フル復元は、PolarDB クラスターのすべての既存データを新しいクラスターに復元する機能です。新しいクラスターでデータを確認した後、データをソースクラスターに移行できます。フル復元は、バックアップセットから実行することも、特定の時点に復元することもできます。このトピックでは、バックアップセットからすべての既存データを復元する方法について説明します。

注意事項

復元されたクラスターには、ソースクラスターのデータとアカウント情報が含まれますが、パラメーター設定は含まれません。

操作手順

  1. PolarDB コンソールにログインします。左側のナビゲーションウィンドウで、クラスター をクリックします。クラスターがデプロイされている [リージョン] を選択し、クラスター ID をクリックします。

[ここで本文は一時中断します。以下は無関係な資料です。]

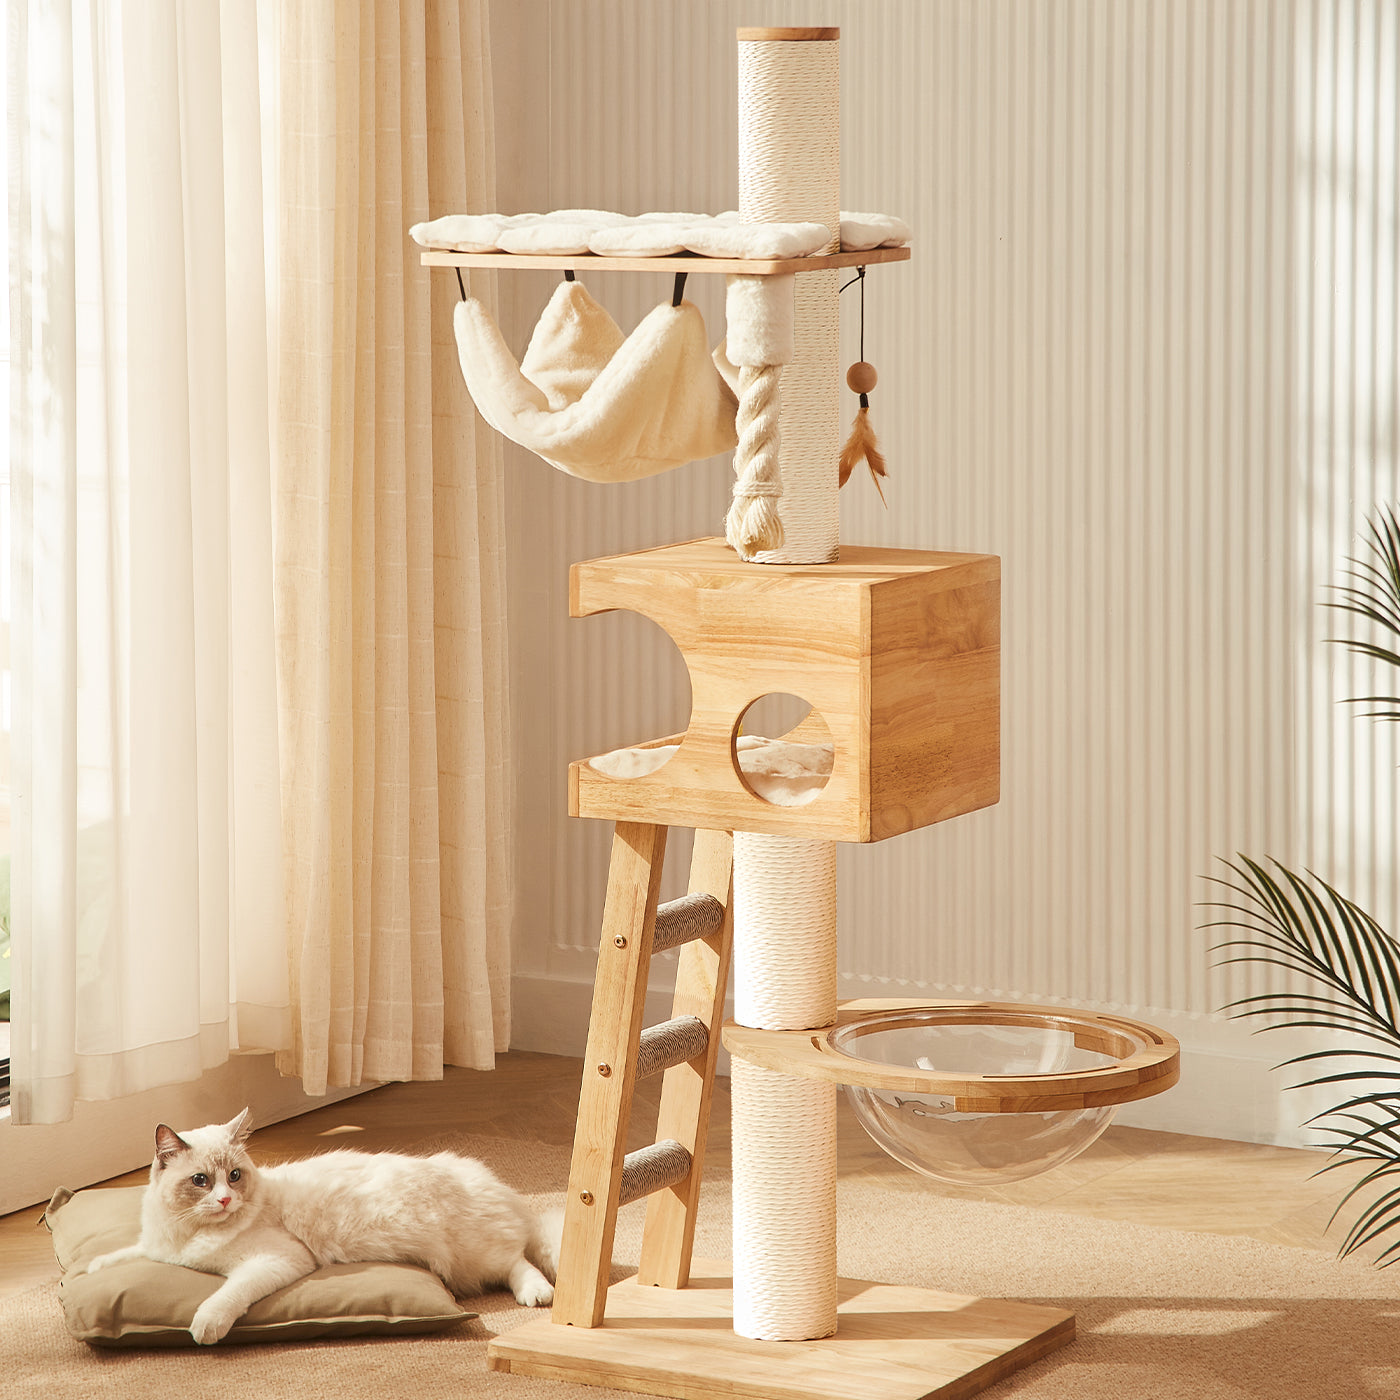 Discover the Ultimate Cat Tree! Helsinki The Levels Cat Play Centre. Present your cat with the perfect cat play centre! Crafted using durable and long-lasting wood, this modern cat play centre features hanging toys to hangout spots, multiple levels for cats to explore, soft, plush hammock to snuggle into and sisal wrapped post for scratching! Available Now at Lords & Labradors

  2. 左側のナビゲーションウィンドウで、設定と管理 > バックアップと復元 を選択します。

  3. 新しいクラスターにデータを復元します。

    • 同一リージョン内でデータを復元する場合:

      対象のバックアップセットを見つけ、操作 列の 新しいクラスターに復元 をクリックします。

    • リージョン間でデータを復元する場合:

      1. バックアップと復元 ページで、対象のバックアップセットがあるリージョンを選択します。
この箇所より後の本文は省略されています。